Print all the data below exactly, without images.

## Source data
==========

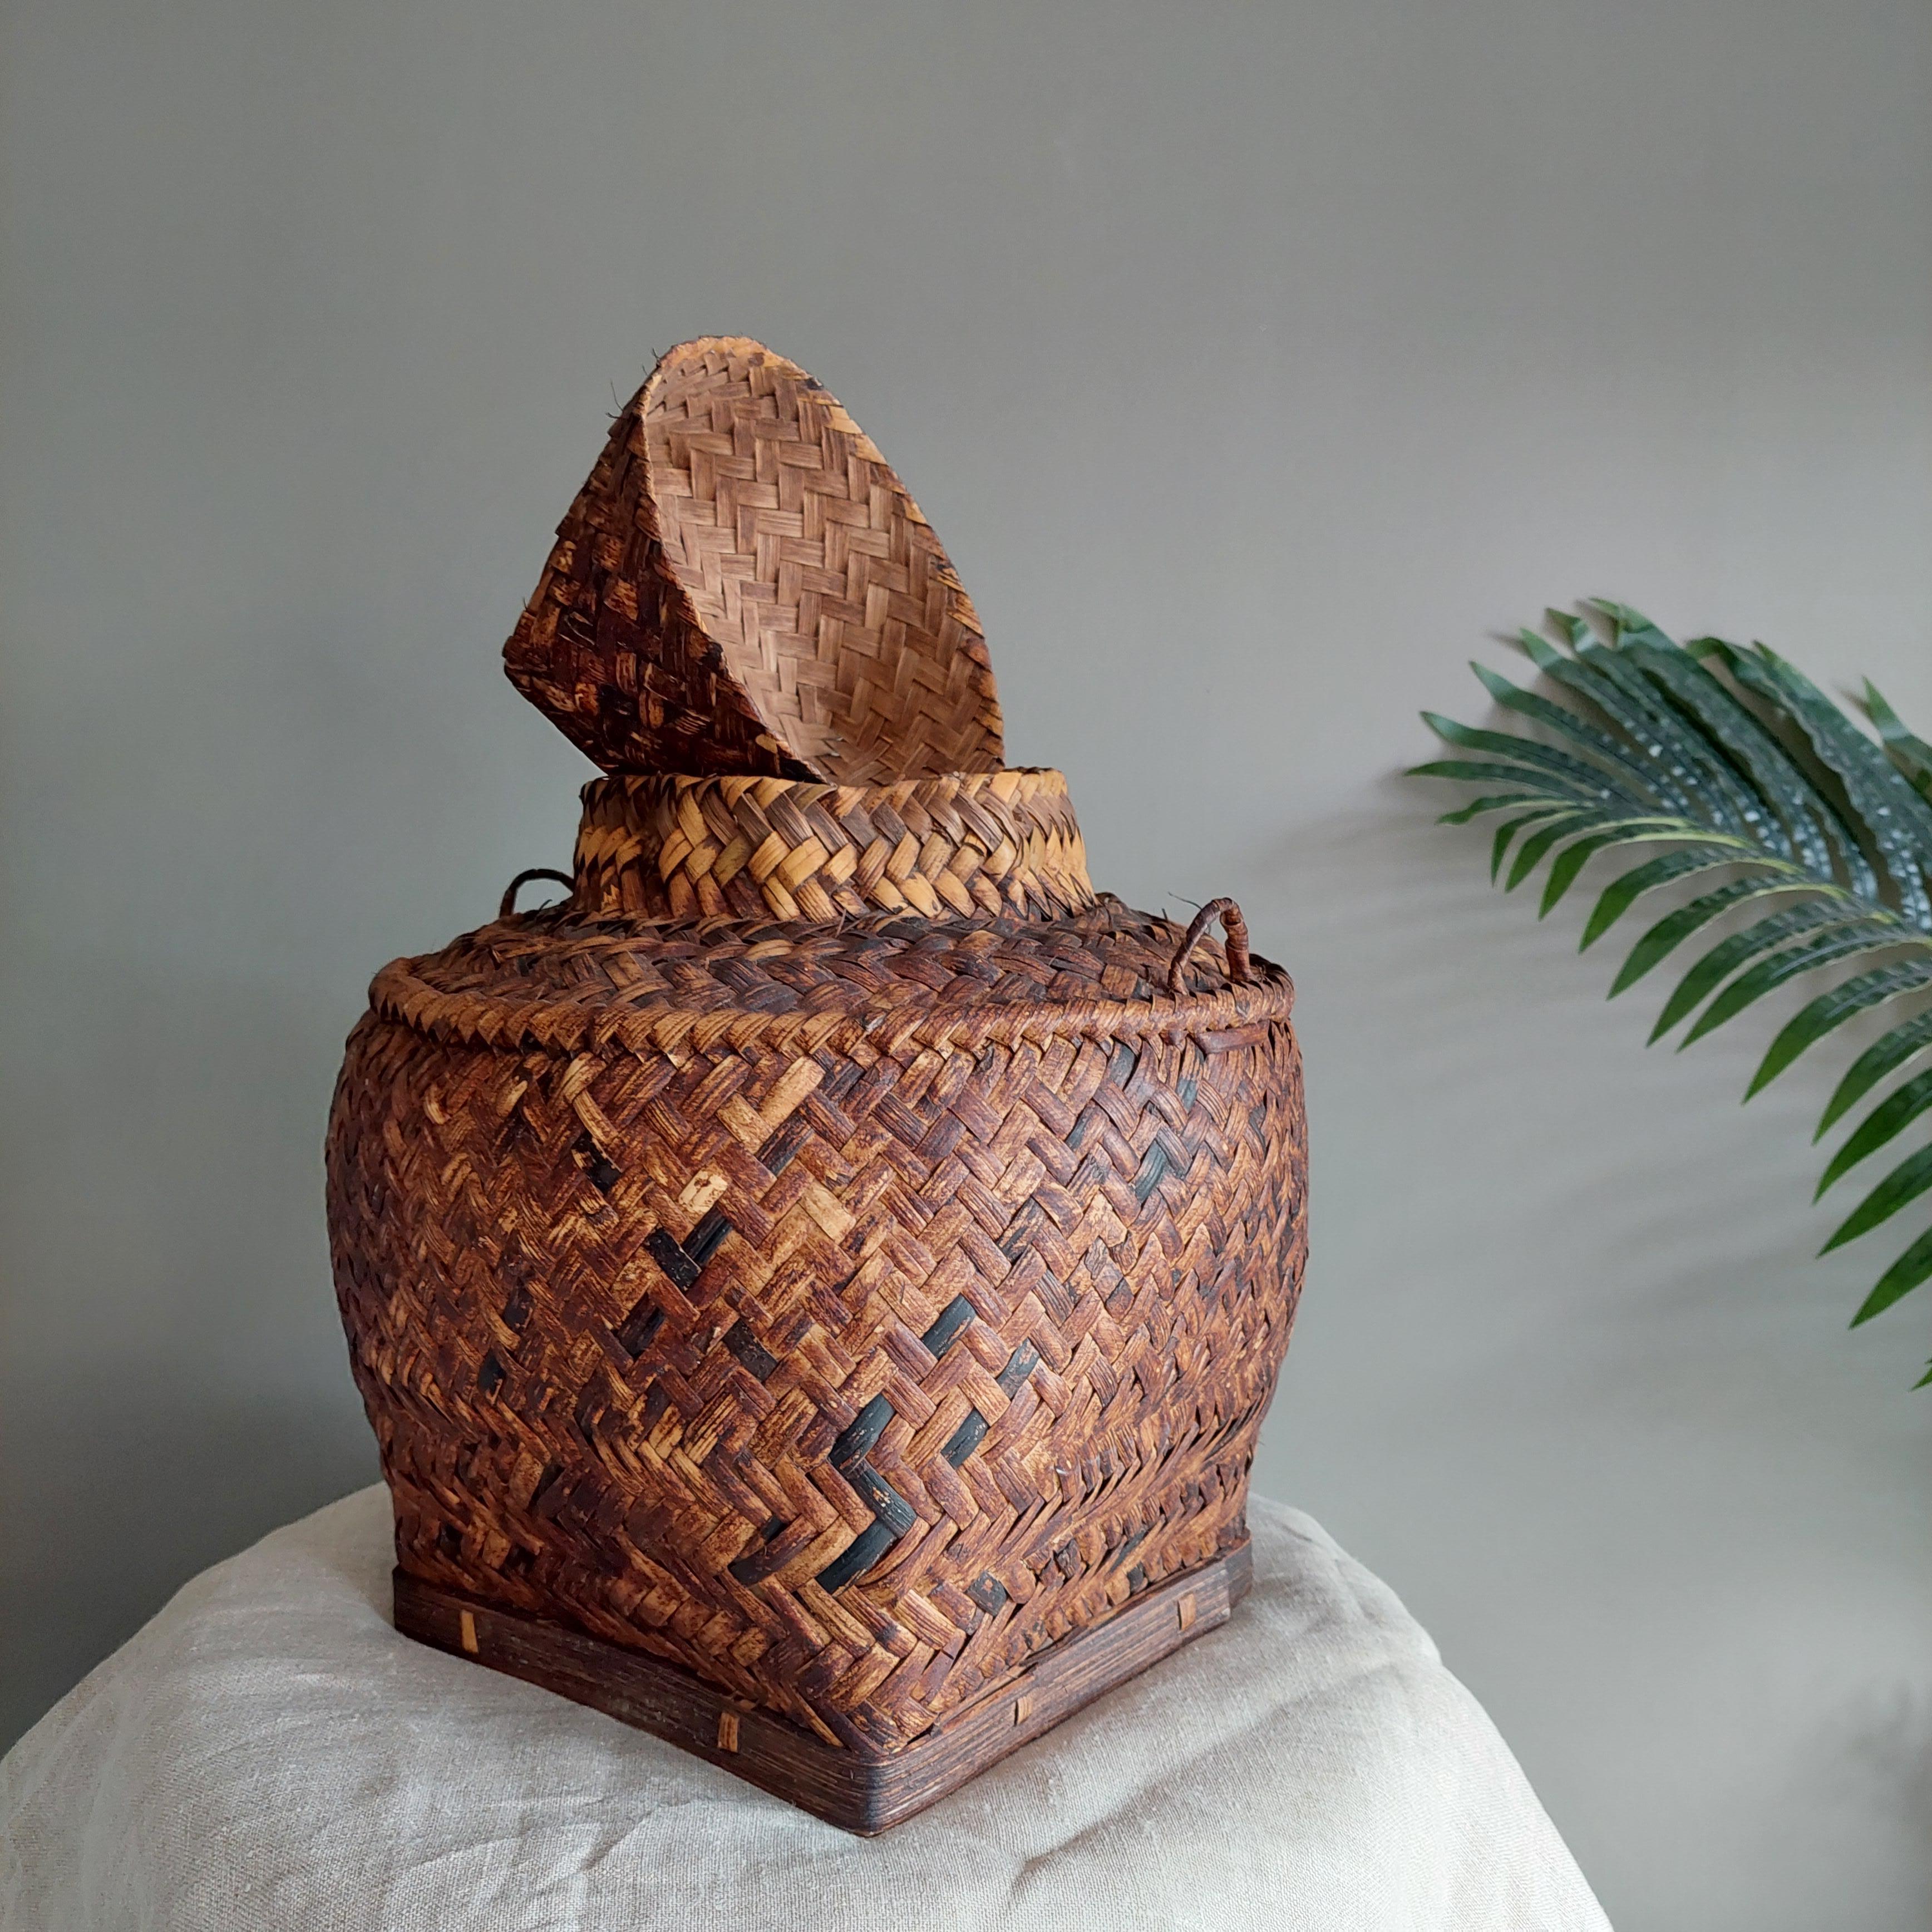 Asiatischer Vintage-Korb mit Deckel.
Schöner Rattankorb mit Fischgrätenmuster.

Dieser wunderschöne, mittelgroße handgeflochtene Reiskorb, der wahrscheinlich vom Stamm der Tagbanwa in Palawan auf den Philippinen stammt, hat eine attraktive Form und

==========

## Exercise result
 Asiatischer Vintage-Korb mit Deckel.
Schöner Rattankorb mit Fischgrätenmuster.

Dieser wunderschöne, mittelgroße handgeflochtene Reiskorb, der wahrscheinlich vom Stamm der Tagbanwa in Palawan auf den Philippinen stammt, hat eine attraktive Form und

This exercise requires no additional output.